== DATA SECTION ==
━━━━━━━━━━

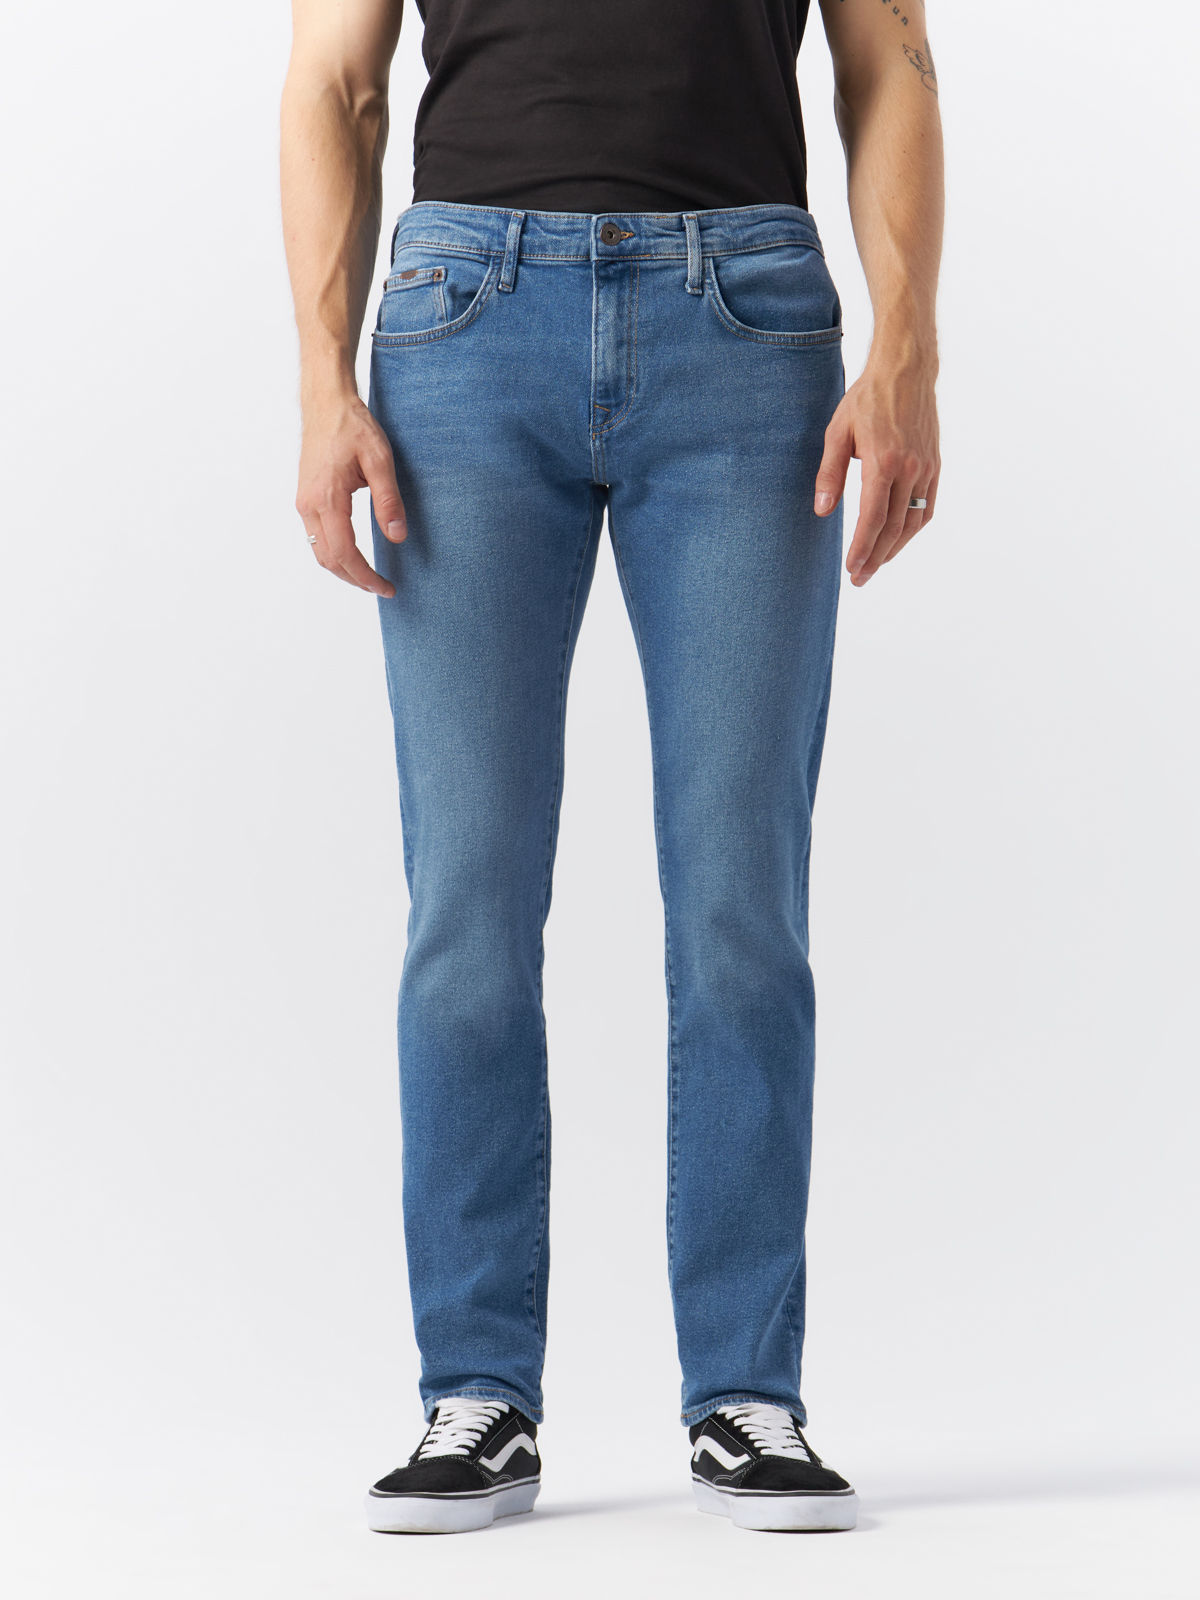 Джинсы Cross Jeans для мужчин, F 152-134, размер 31-32, синие
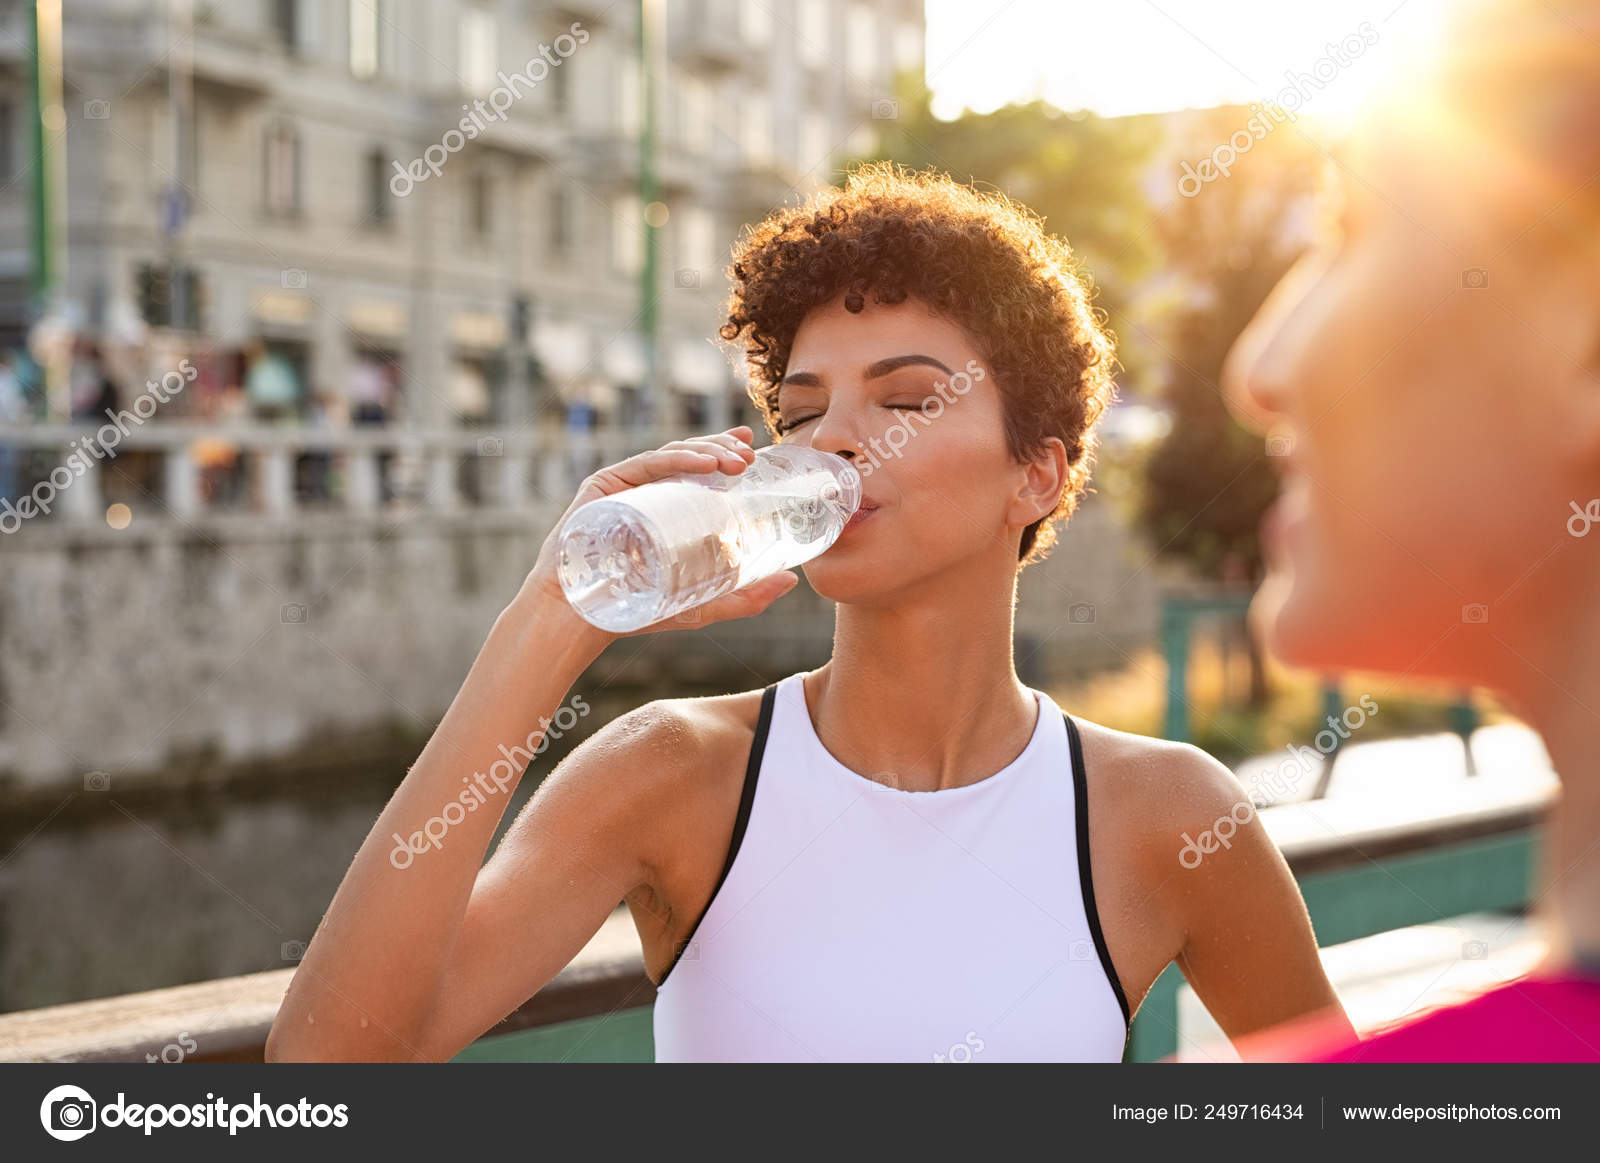 https://st4.depositphotos.com/1743476/24971/i/1600/depositphotos_249716434-stock-photo-athletic-woman-drinking-water-after.jpg
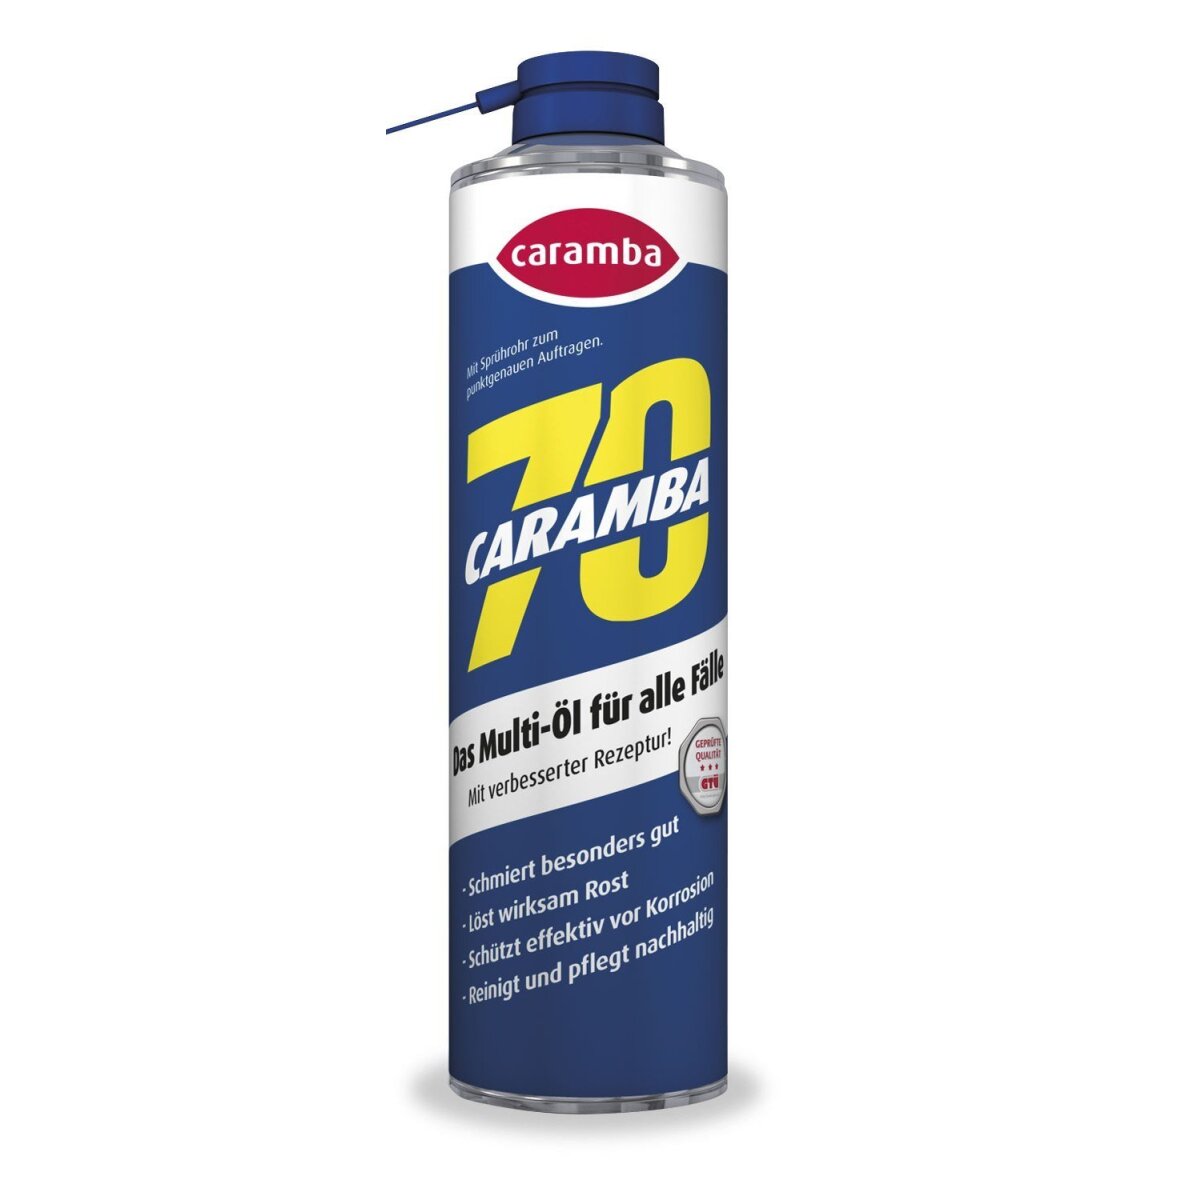 Caramba 70 Multi Functional Penetrant Spray 400ml, 7,79 €
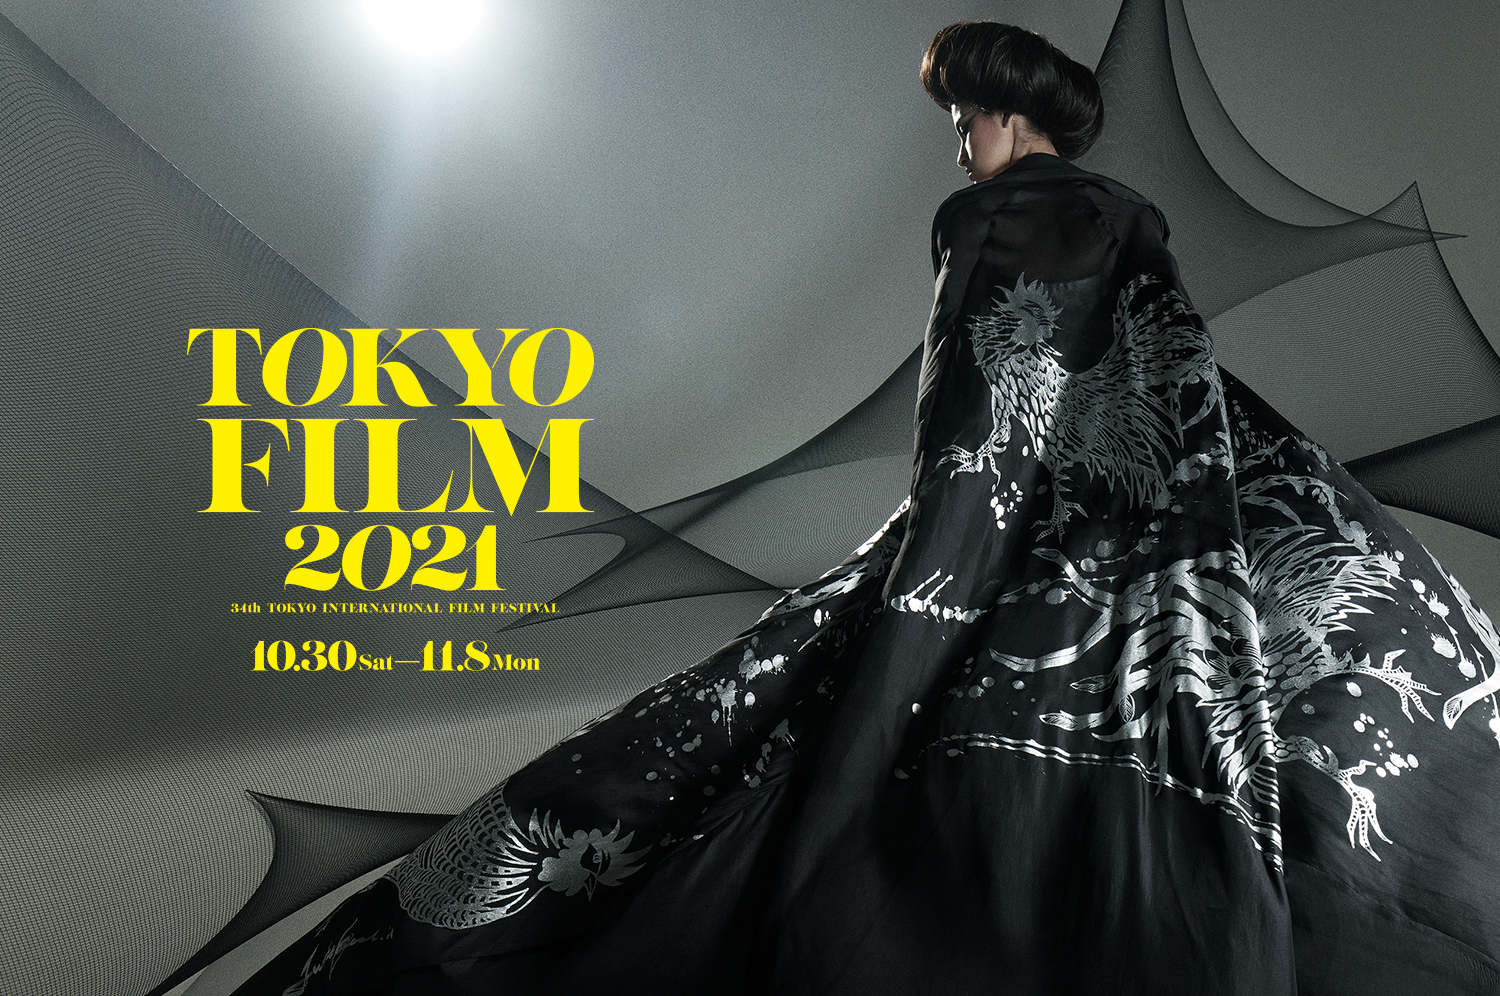 TOKYO FILM 2021 34th Tokyo International Film Festival - Acclaimed Designer Junko KOSHINO Creates 34th TIFF Visuals

━━━━━━━━━━

== AIM OF THE EXERCISE ==
Everything in the listing except the pictures must be reproduced exactly.

== TASK RESULT ==
 Джинсы Cross Jeans для мужчин, F 152-134, размер 31-32, синие
 https://st4.depositphotos.com/1743476/24971/i/1600/depositphotos_249716434-stock-photo-athletic-woman-drinking-water-after.jpg
 Caramba 70 Multi Functional Penetrant Spray 400ml, 7,79 €
 TOKYO FILM 2021 34th Tokyo International Film Festival - Acclaimed Designer Junko KOSHINO Creates 34th TIFF Visuals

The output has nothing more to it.